== Work instruction ==
Locate the line that contains "神盾卫士EM和EMI机架式kvm产品型号大全" in the data that follows. Copy it and every subsequent line to the end, exactly, excluding pictures.

== Available data ==
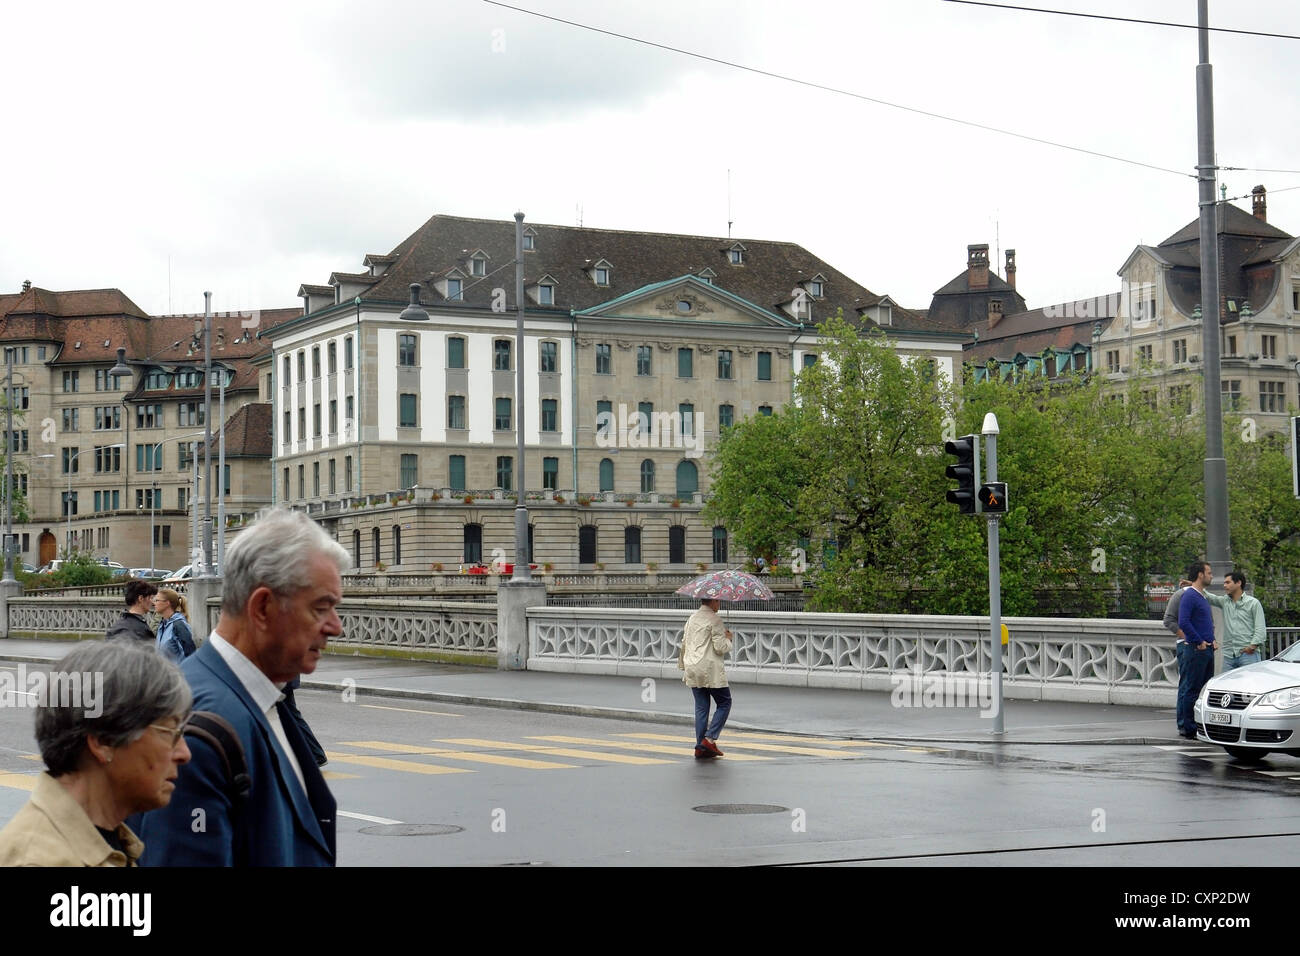 Menschen, darunter ein paar, über Brücke über den Fluss Limmat in Zürich. Vor kurzem hatte es geregnet, so die Menschen etwa weniger waren. Stockfoto
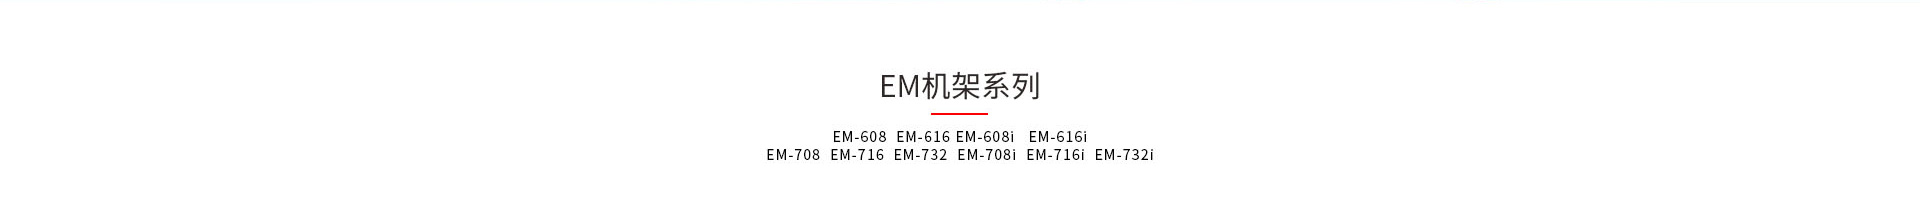 神盾卫士EM和EMI机架式kvm产品型号大全
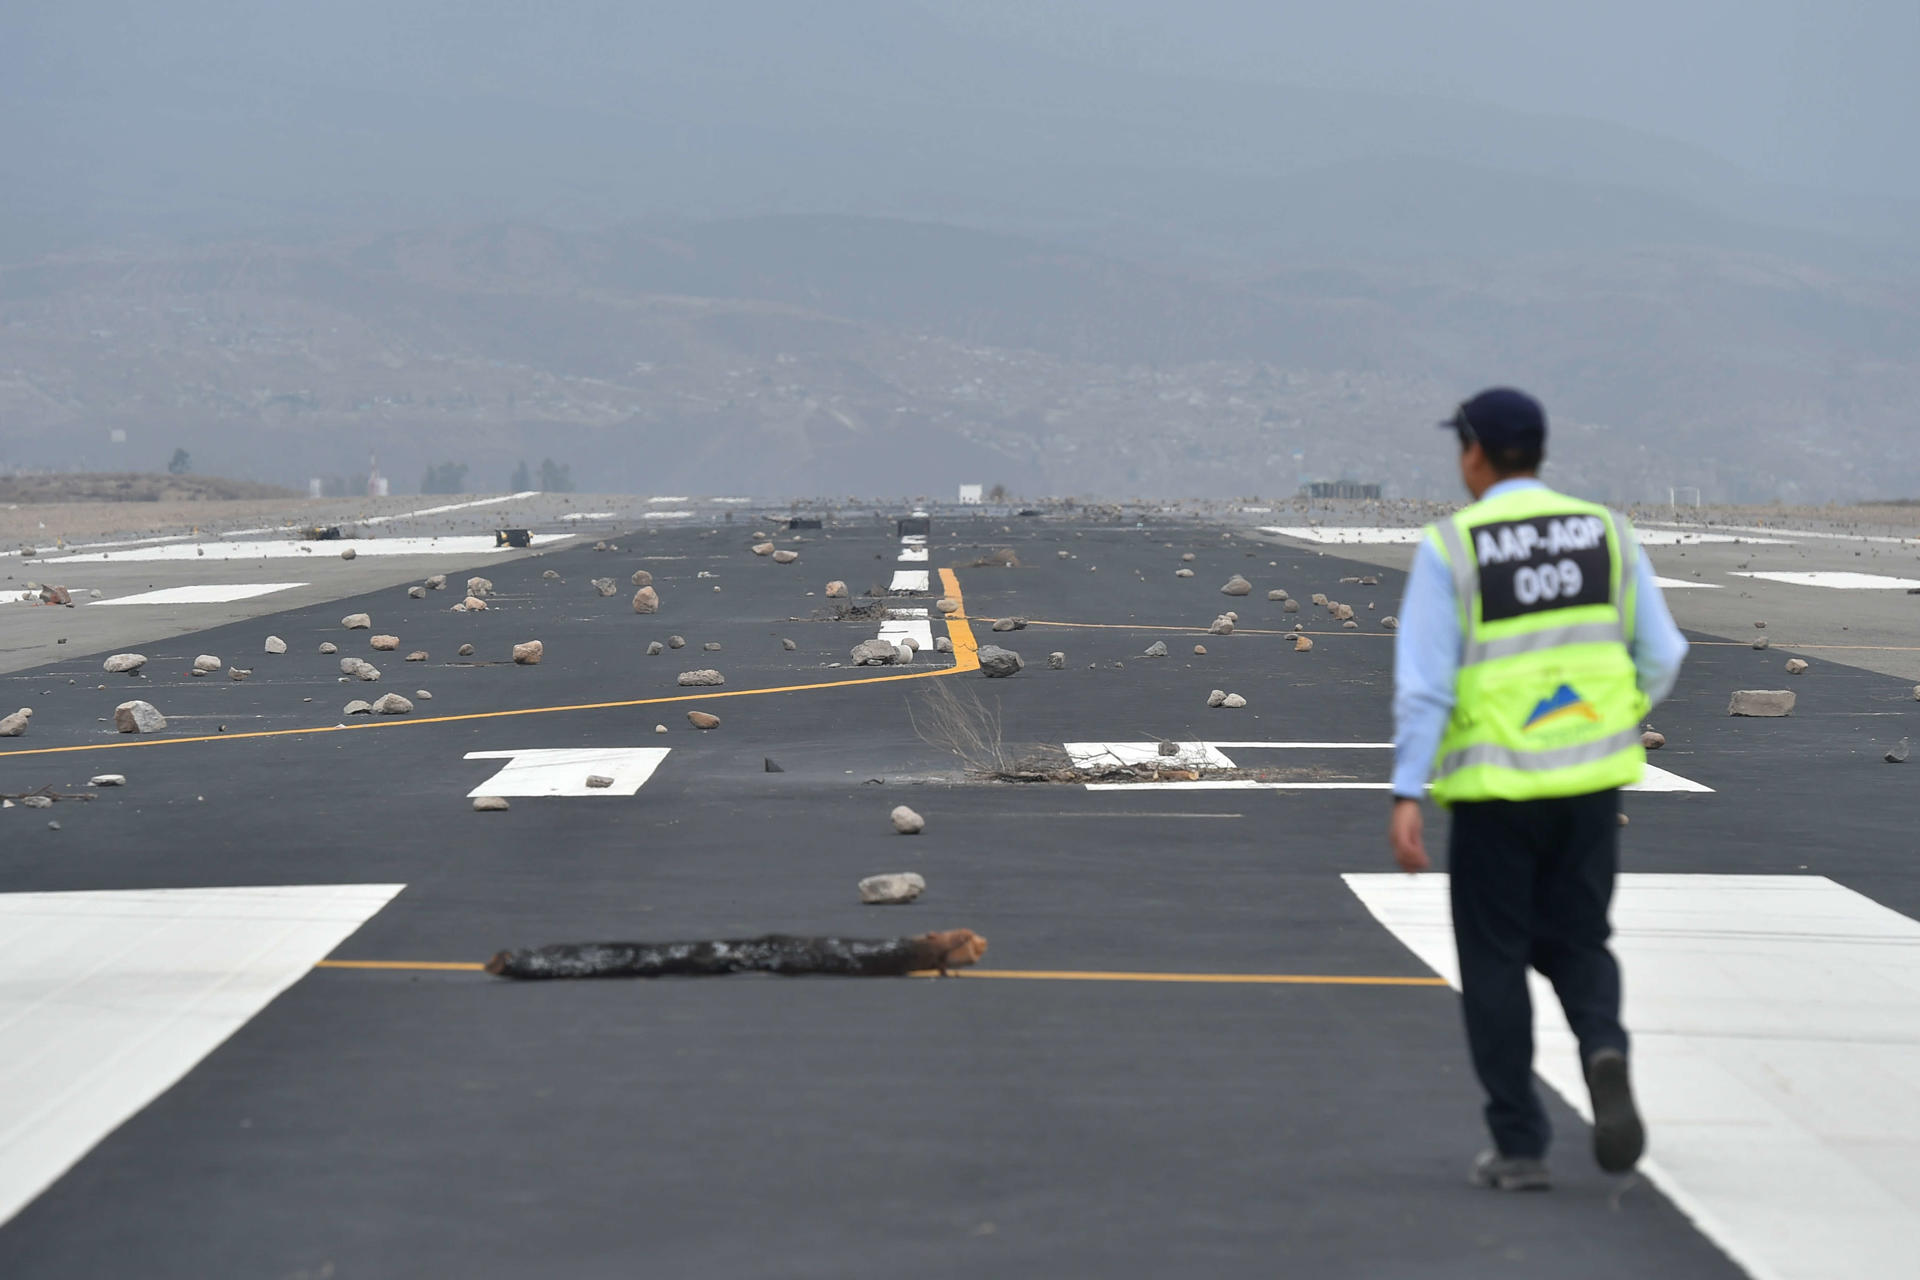 Fotografía de archivo que muestra los escombros y piedras que obstaculizan una pista de aterrizaje del aeropuerto Alfredo Rodríguez Ballón, durante una protesta, en la ciudad de Arequipa (Perú). EFE/ José Sotomayor

== Task output ==
 神盾卫士EM和EMI机架式kvm产品型号大全
 Fotografía de archivo que muestra los escombros y piedras que obstaculizan una pista de aterrizaje del aeropuerto Alfredo Rodríguez Ballón, durante una protesta, en la ciudad de Arequipa (Perú). EFE/ José Sotomayor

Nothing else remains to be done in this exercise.